> _Dataset extract_
★ ★ ★ ★
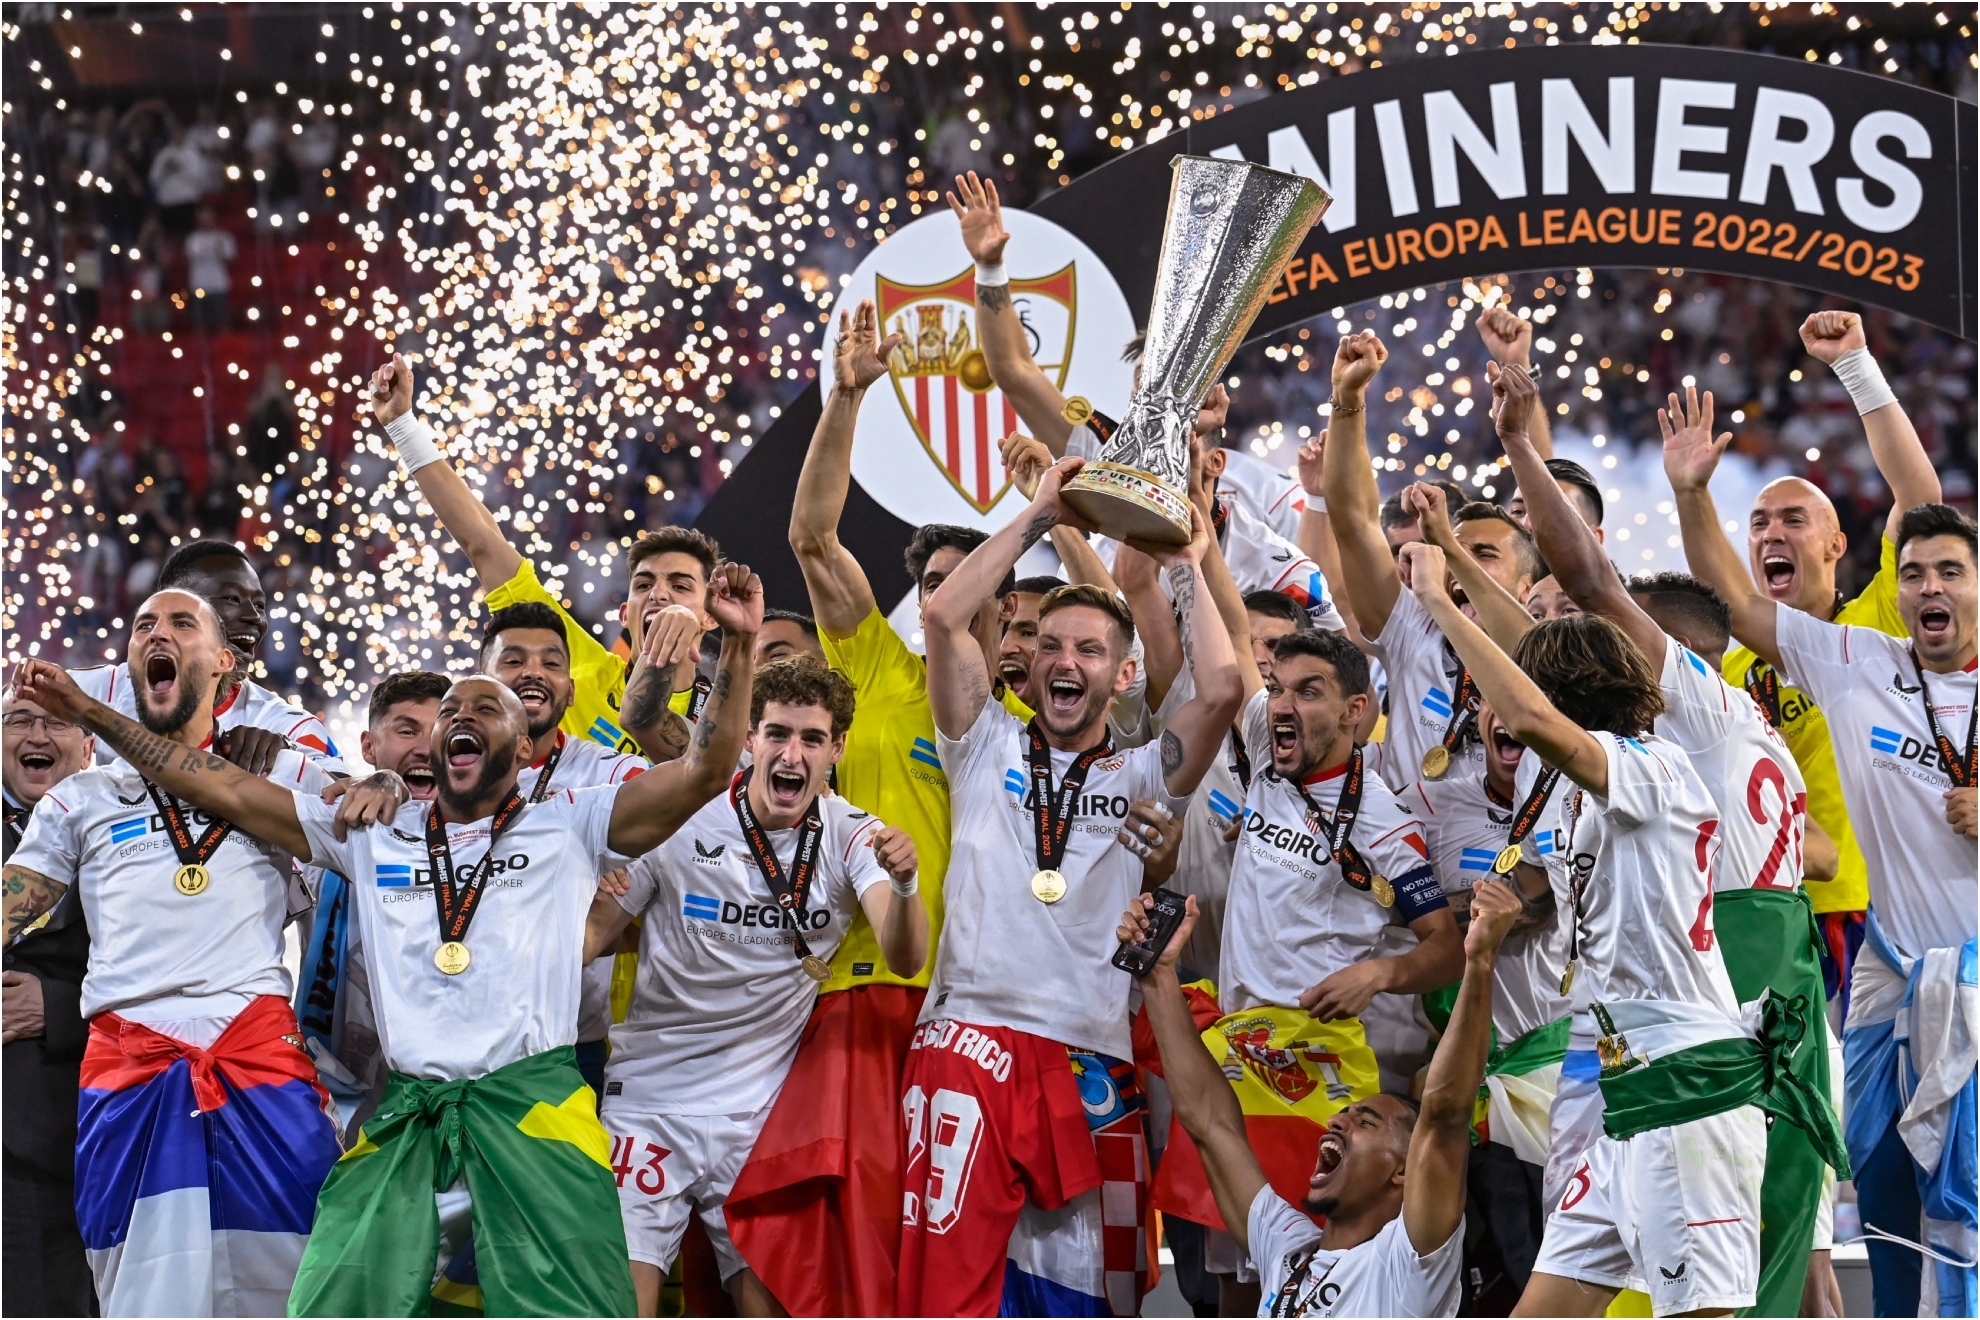 Los sevillistas levantan la copa Europa League.
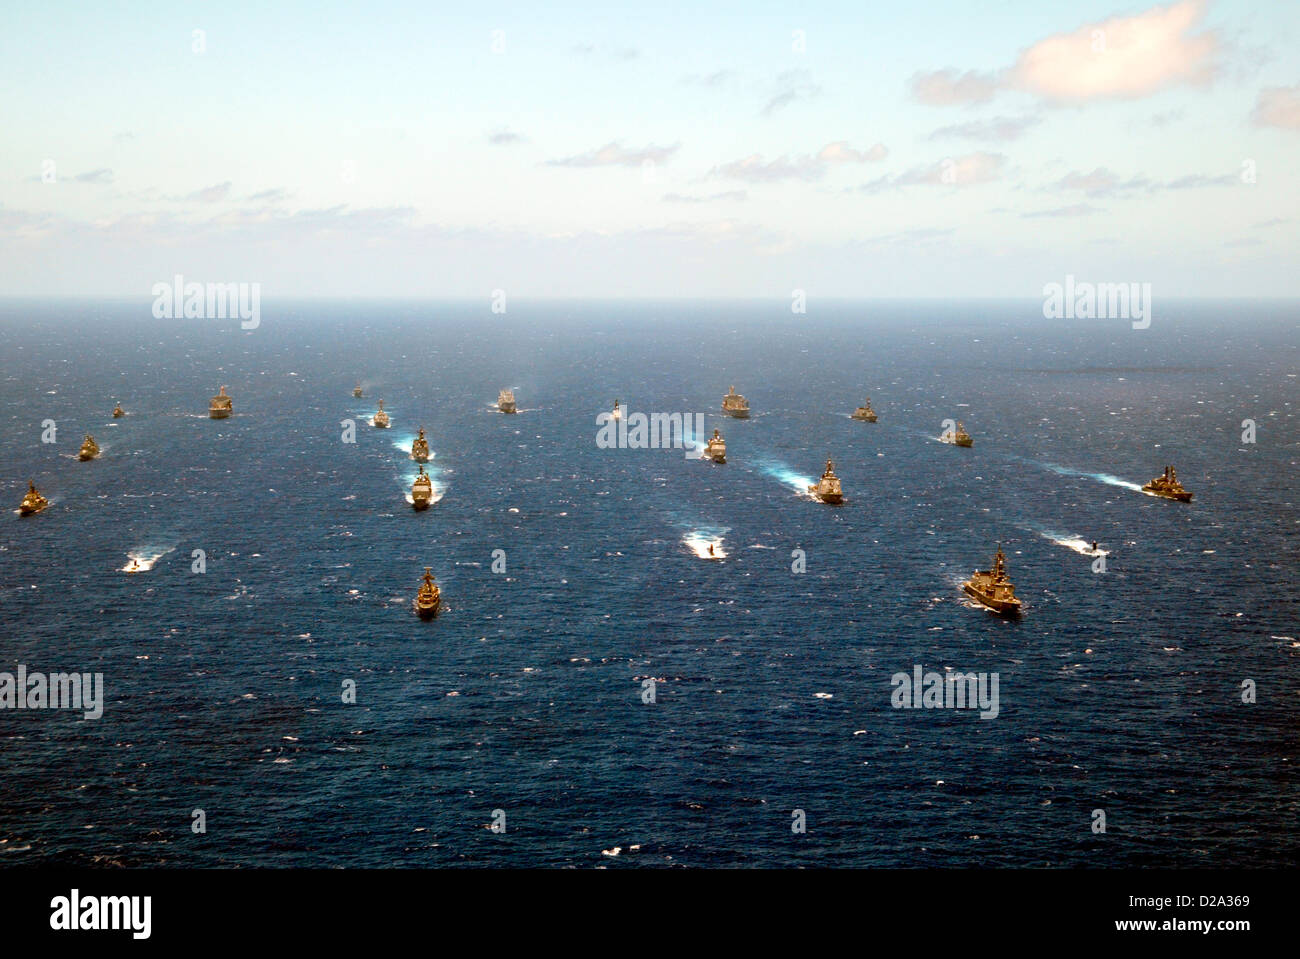 Hawaii: Los buques de guerra de varias naciones de fuerzas navales de EE.UU. Otros siete países europeos Pacific Rim están participando en operaciones militares Foto de stock
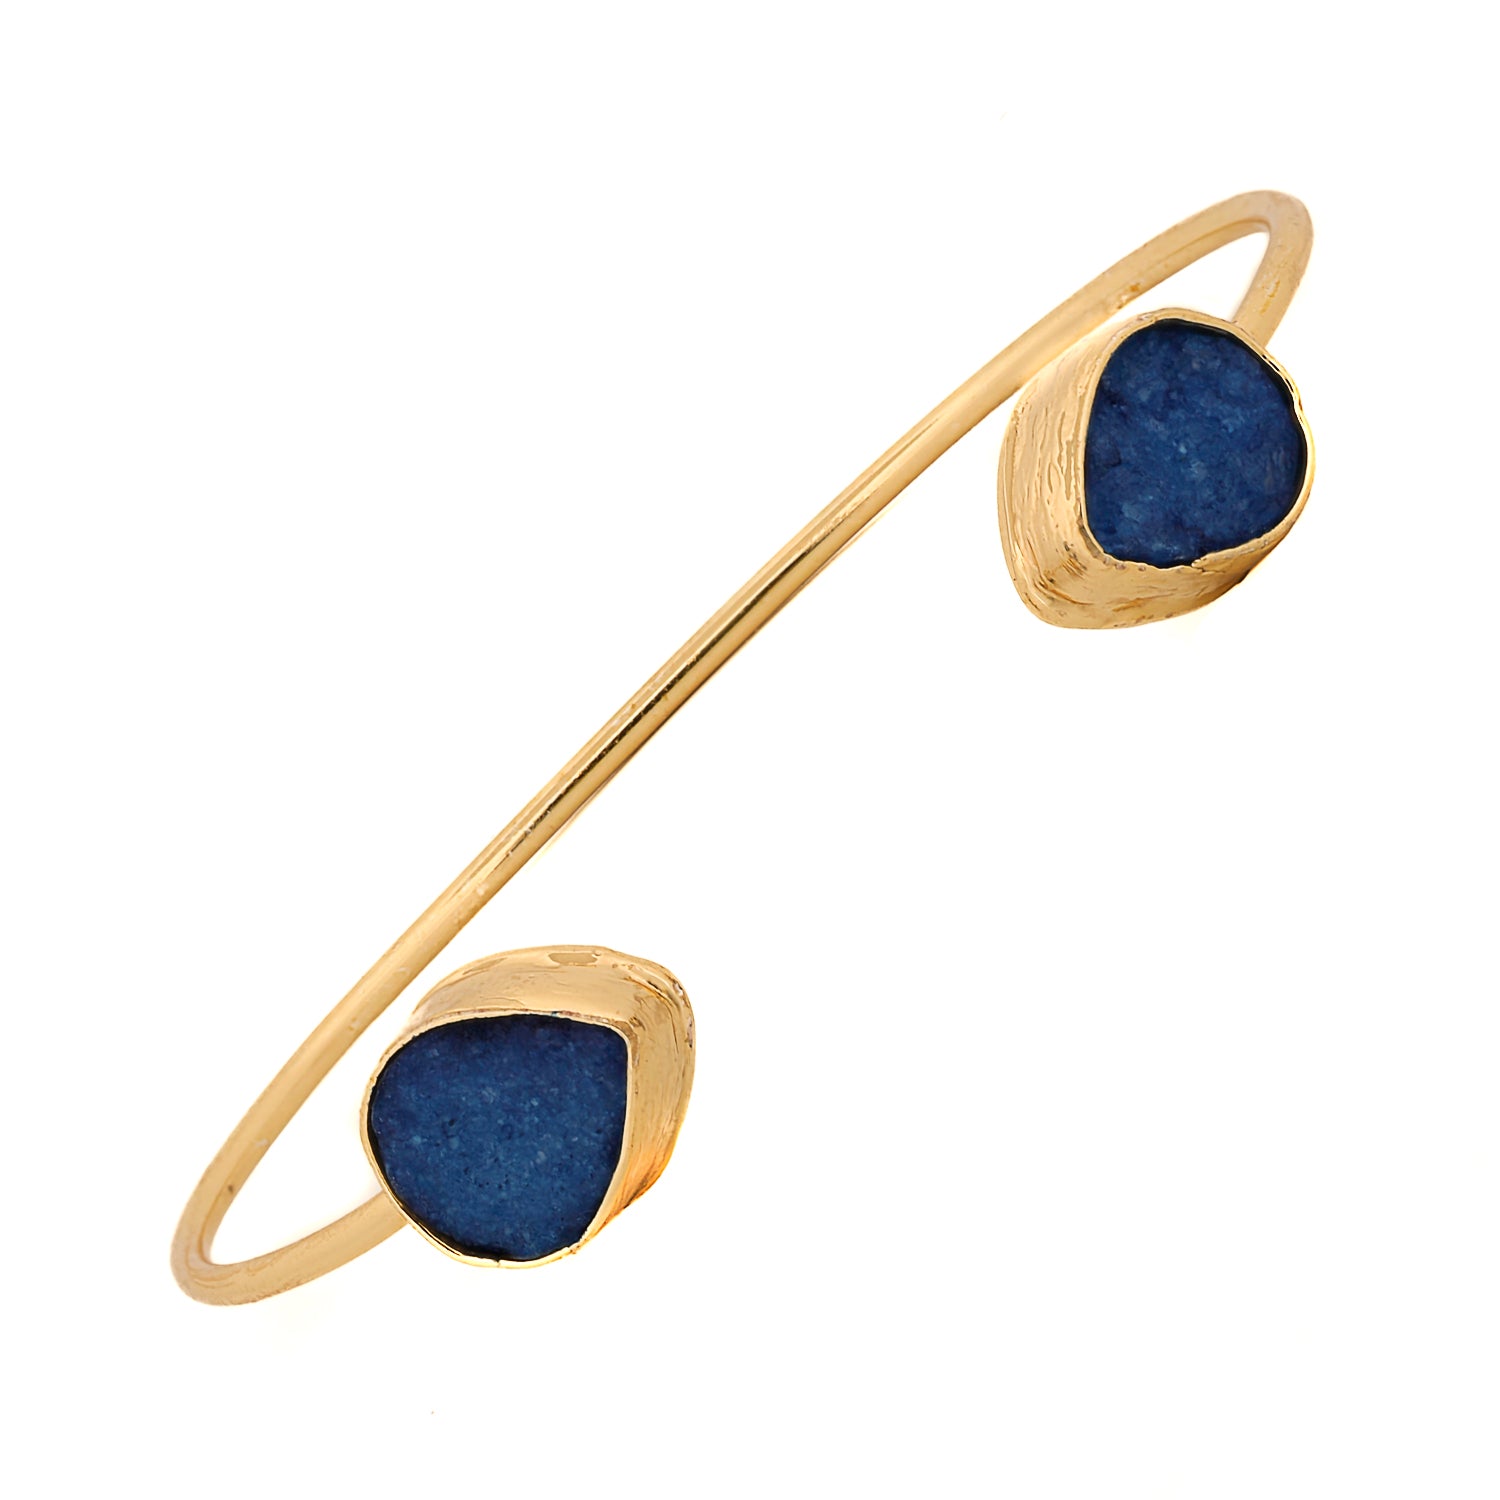 Cleopatra Blue Druzy Agate Gold Cuff Bracelet
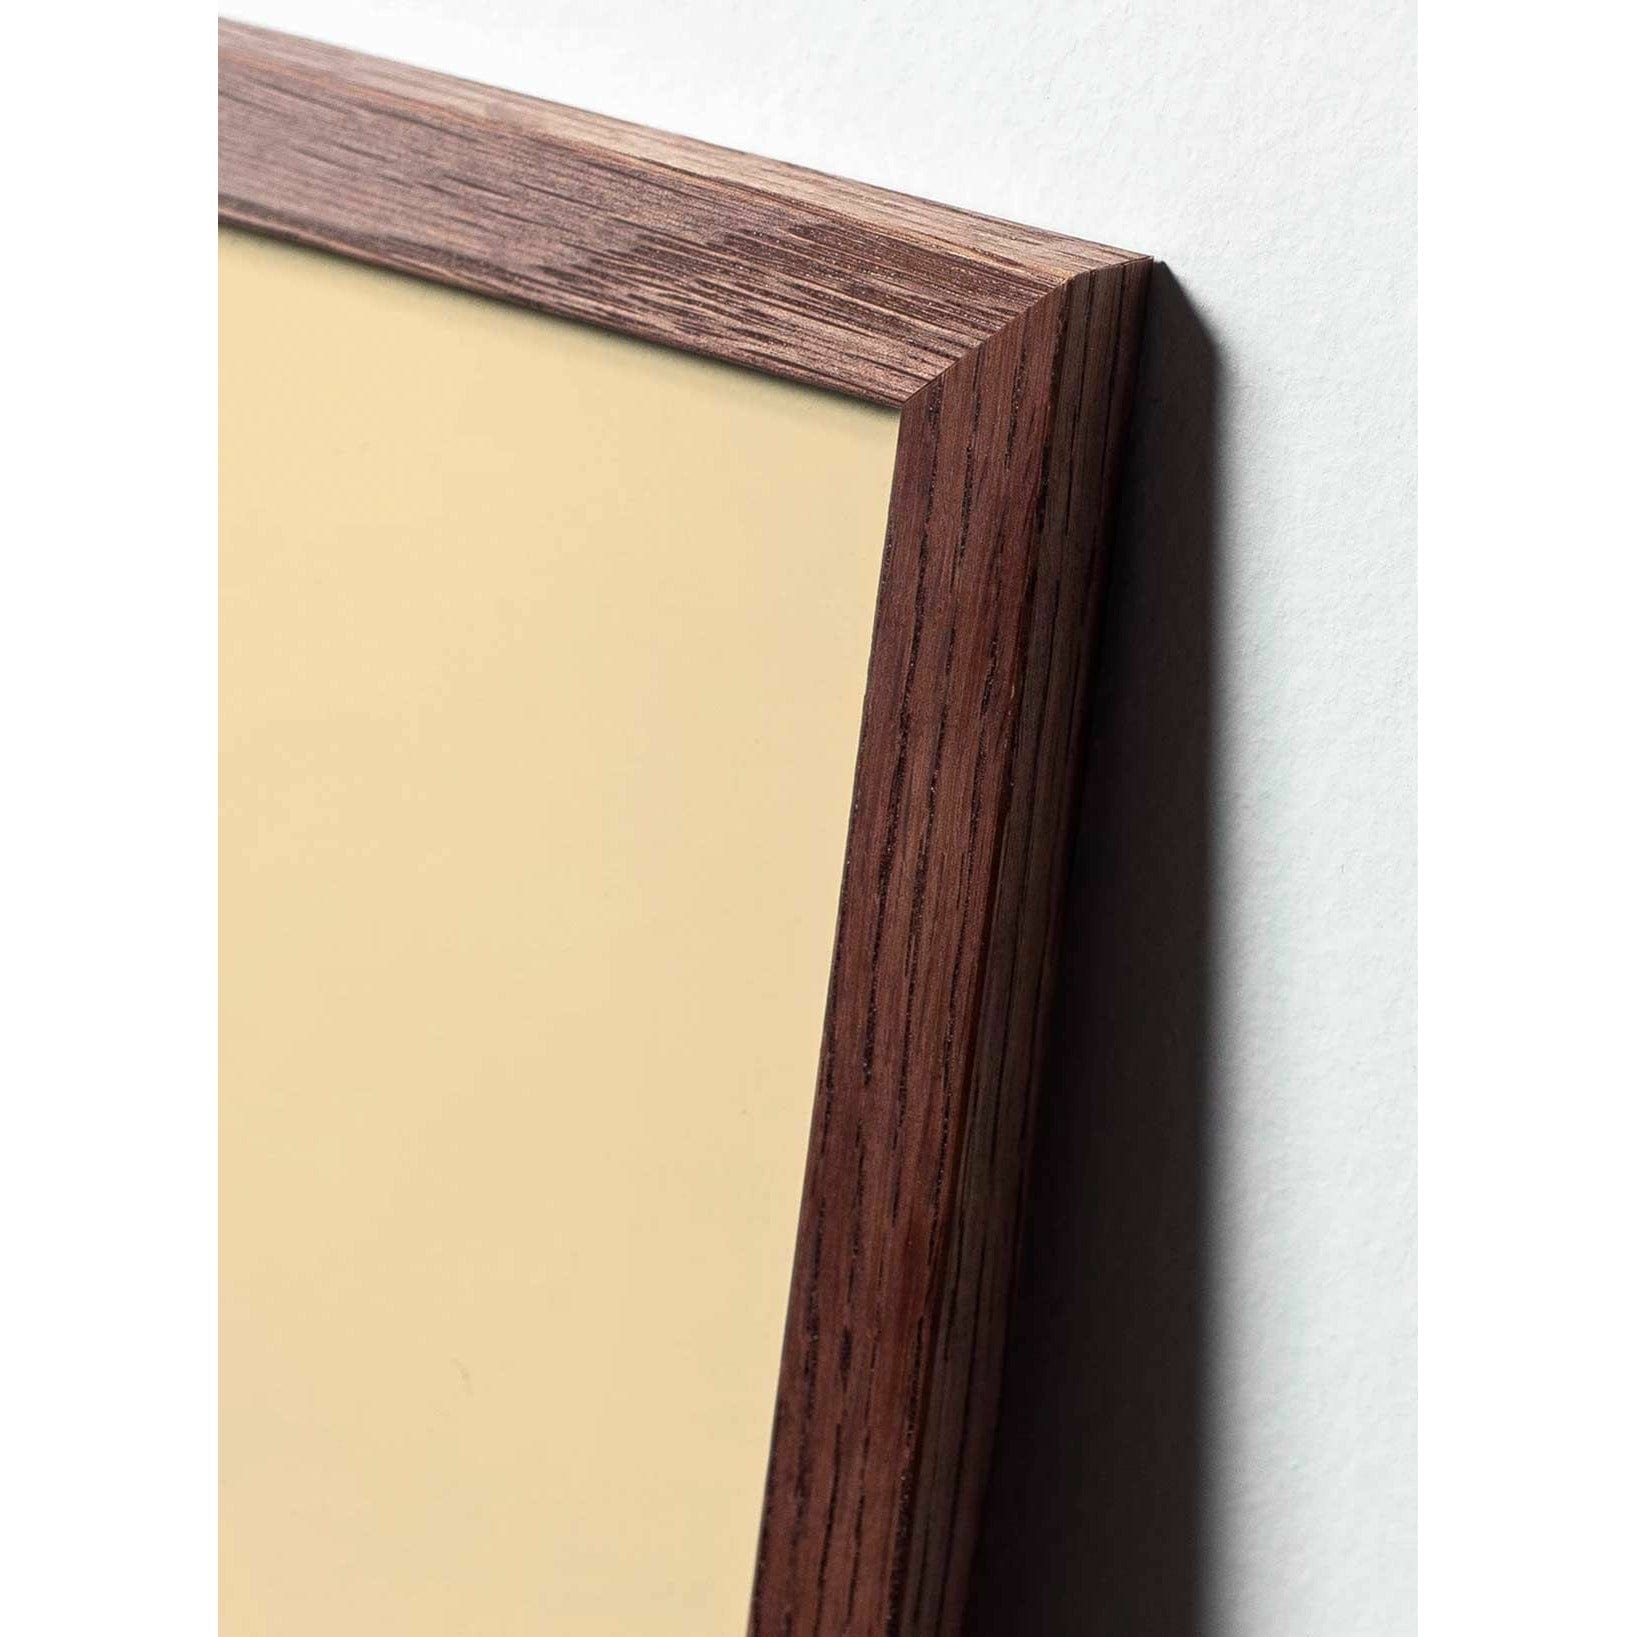 Póster clásico de cono de pino de creación, marco de madera oscura A5, fondo negro
★ ★ ★ ★
> _Task statement_
Every line from the one containing "Hawaii: Los buques" through the end of the listing is to be copied exactly; the pictures are not.

> _Result below_
 Hawaii: Los buques de guerra de varias naciones de fuerzas navales de EE.UU. Otros siete países europeos Pacific Rim están participando en operaciones militares Foto de stock
 Cleopatra Blue Druzy Agate Gold Cuff Bracelet
 Póster clásico de cono de pino de creación, marco de madera oscura A5, fondo negro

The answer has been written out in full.